Figure 4 Two-dimensional linearity-clustering phase diagram of models. Tags in the figure denote the various models as described in Table 1. The coordinates show the reciprocals of residual of a line fitting and gathering degree of scatter points of one model in 3D space repetitively. The color of point reflects the overall confidence level. (A) Distribution of the 13 gene signature models in linearity-clustering phase diagram. (B) Distribution of the combination models in linearity-clustering phase diagram.

Validation Results From Geometric Methods by Clustering Each Single Indicator

These four indicators (HR, AUC, C-index, and p-value) were individually clustered by unsupervised hierarchical clustering in R software using the package “pheatmap” (Figures 5A–D). As shown in Figure 5, the different indicators always clustered into two groups—those that performed well or did not. Surprisingly, we always found three models, namely, Willis, TCGA, and Riester, included in the well-performing groups, irrespective of the indicators (Figure 5E).

FIGURE 5

Figure 5 Three indicators clustered across 16 different datasets: (A) HR, (B) C-index, (C) AUC of 5 years. (D) Log-rank p-value of the 13 models clustered in 16 different datasets. (E) The overlapping of the four indicators.

Gene Ontology Enrichment

The pathway of genes in the novel WRT combination model was analyzed for GO enrichment (Figures 6A, B, C), and results showed that the risky genes were mainly involved in viral transcription and viral gene expression and were associated with viral infection.

FIGURE 6

Figure 6 GO enrichment of WRT model. (A) Risky and protective gene enrichment in biological processes. (B) Cellular component and (C) molecular function.

Discussion

In this study, we evaluated 13 gene signature models from 16 datasets between 2005 and 2017. Although each prognostic model was derived from Cox regression method, some models were computed through a single dataset, while others were obtained through meta-analysis of integrated datasets. Meta-analysis has the advantage of stably merging many studies—for example, the studies by Riester et al. (2014) and Willis et al. (2016) employed meta-analysis to obtain prognostic gene signature. Although the quality of research from different regions and laboratories are very different, some studies have found that there was no significant difference in the study of genetic biomarkers between different regions (Tian et al., 2017). Importantly, some high-throughput experiments also derived good gene signatures by high-quality datasets and advanced algorithms. For example, the studies by Yoshihara et al. (2012) and Yang et al. (2016) relied on high-quality data to obtain good gene signatures. Moreover, we found that more accurate gene signature and stability results were mainly obtained from larger sample size and advanced algorithm application to some degree (Table 1 and Figure 5). In 2014, Waldron et al. and Riester et al. extensively evaluated various gene signature models from previous publications for predicting outcome of patients with OvCa. In 2016, Willis et al. and Yang et al. proposed two new gene signature models for predicting prognosis of OvCa by different methods. Noticeably, there is little intersection between the two gene signatures (Figure 2A). Willis et al. employed meta-analysis and then verified the results in many datasets, while Yang et al. only used the TCGA dataset to train a gene signature model by elastic regulation network. From the results of clustering all gene signatures, there were five models that showed good universality. Generally, the accuracy of predictor estimation for cancer is effected by numerous practical factors, such as methodological heterogeneity, clinical heterogeneity, small sample sizes, batch effects, and lack of independent dataset for validation (Simon, 2005; Baggerly et al., 2008; Dobbin et al., 2008; Sabatier et al., 2009; Koscielny, 2010; Leek et al., 2010; Medicine, 2012). This prompted us to investigate 13 gene signature models across large gene expression datasets.

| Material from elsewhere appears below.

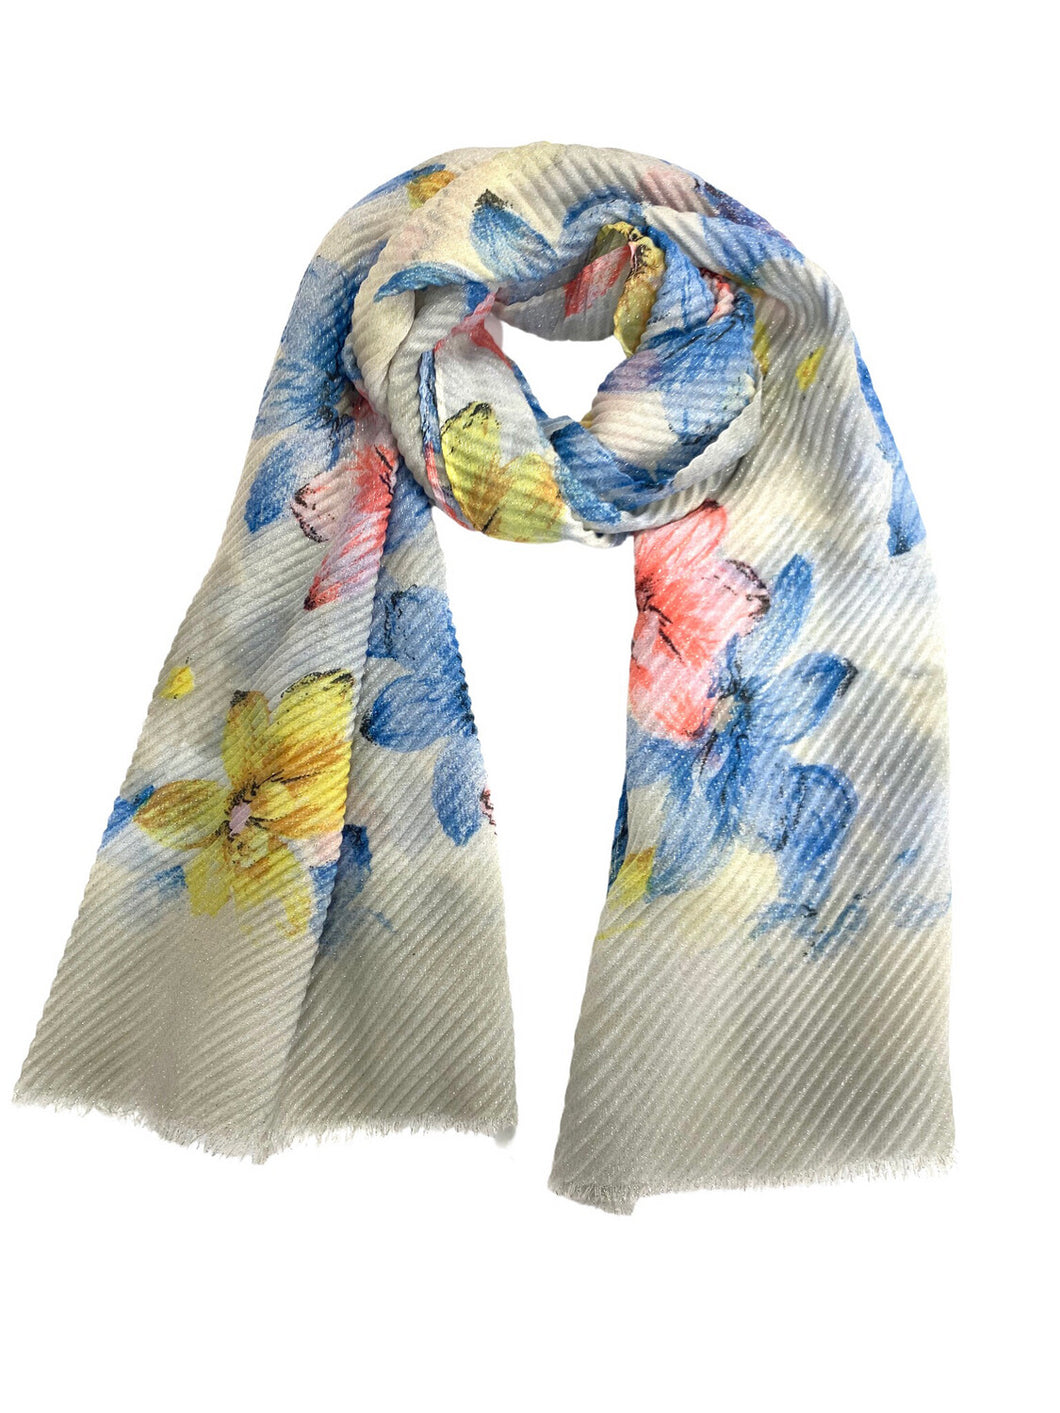 Scarf - Pleated with Frayed Edges - Blue/Yellow Florals on Sparkling Silver

Based on geometrical concepts, our novel method, proposed in this study, integrated three indicators to estimate prognostic models. As a result, we could not only estimate each model quantitatively and give each model a position intuitively but also selected good models to combine into a new model. The results showed that the combination model (WRT model) could perform better than the individual models across the 16 independent datasets. The RM combination model, although good, did not perform as well as the WRT model.

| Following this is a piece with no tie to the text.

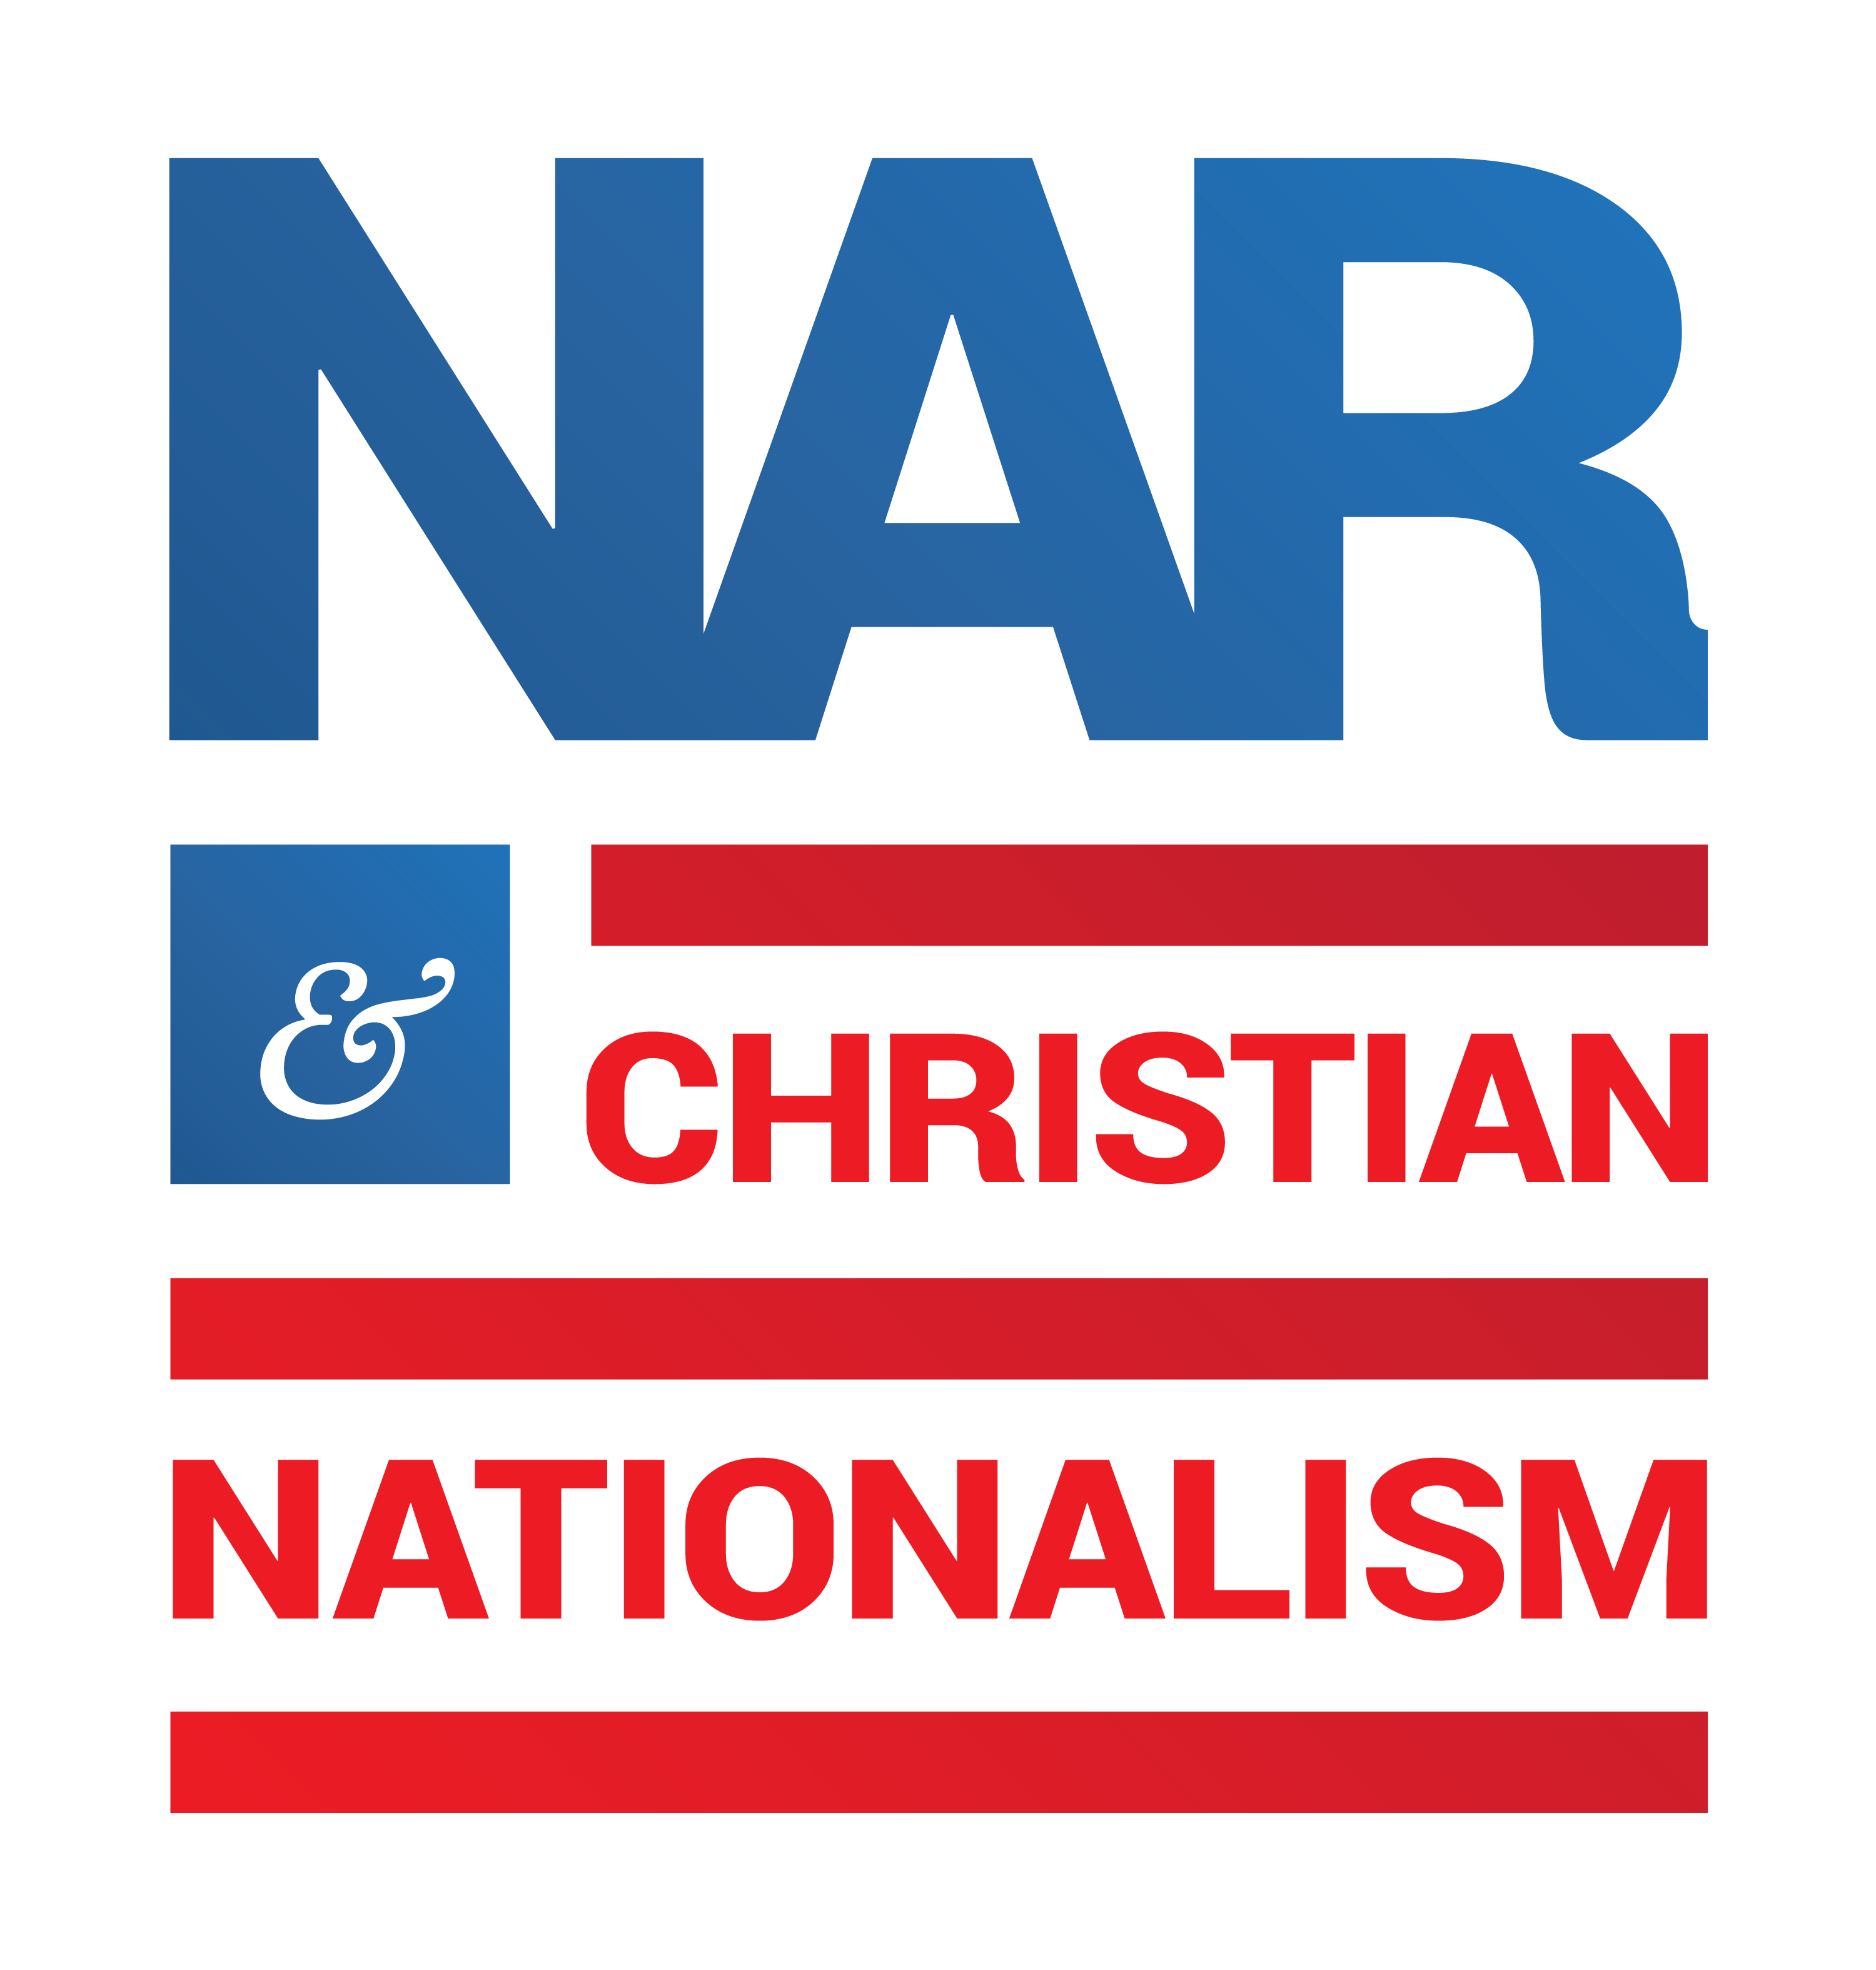 NAR & Christian Nationalism Statement – The controversy surrounding the  terms “New Apostolic Reformation” (NAR) & “Christian Nationalism”

For further explaining the role of WRT model in OvCa, we applied GO enrichment for assaying the genes in the WRT model. We found that risky genes were mainly involved in viral transcription and viral gene expression processes, while protective genes were mainly involved in immune-related processes. Both the biological function and computational results showed that the WRT model exhibited pathways associated with viral infection. Although some cancers are caused by viral infections, the relationship between OvCa and viruses is unclear. However, some researchers have reported that patients with OvCa in Indian population are infected with human papillomavirus (Shanmughapriya et al., 2012). Other researchers have found a relationship between Chlamydia and the risk of ovarian cancer (Trabert et al., 2018).

Conclusions

In summary, our work provides a platform for further investigating the causes of different gene signatures for effective OvCa prognosis. We not only provide a method for quantitatively estimating a prognostic model and give each model an intuitive position but also propose a way to obtain a robust model for predicting prognois of OvCa. Noticeably, the integrative model from geometric approach performed better than all original models. Importantly, the multi-platform cross-database combination can obtain more realistic results.

Data Availability Statement

Publicly available datasets were analyzed in this study. This data can be found here: http://xena.ucsc.edu/welcome-to-ucsc-xena/. TCGA: https://xenabrowser.net/datapages/. GEO: https://www.ncbi.nlm.nih.gov/geo. MetaScape: http://metascape.org/gp/index.html#/main/step1.

Author Contributions

Conceptualization, ZB, YY and JX; Formal analysis, YY; Investigation, ZB, JZ and XS; Methodology, JT and XG; Project administration, XS; Software, YY; Supervision, KY; Validation, XL; Visualization, YY and YZ; Writing – original draft, ZB and YY; Writing – review and editing, YZ and KY. All authors read and approved the final version of the manuscript.

Conflict of Interest

The authors declare that the research was conducted in the absence of any commercial or financial relationships that could be construed as a potential conflict of interest.

Acknowledgments

The authors thank the Chinese Academy of Sciences for its computing equipment. We would like to thank Editage (www.editage.cn ) for English language editing.

Supplementary Materials

The Supplementary Material for this article can be found online at: https://www.frontiersin.org/articles/10.3389/fgene.2019.00931/full#supplementary-material

Figure S1 | Collinearity test of three indicators among 13 gene signature models.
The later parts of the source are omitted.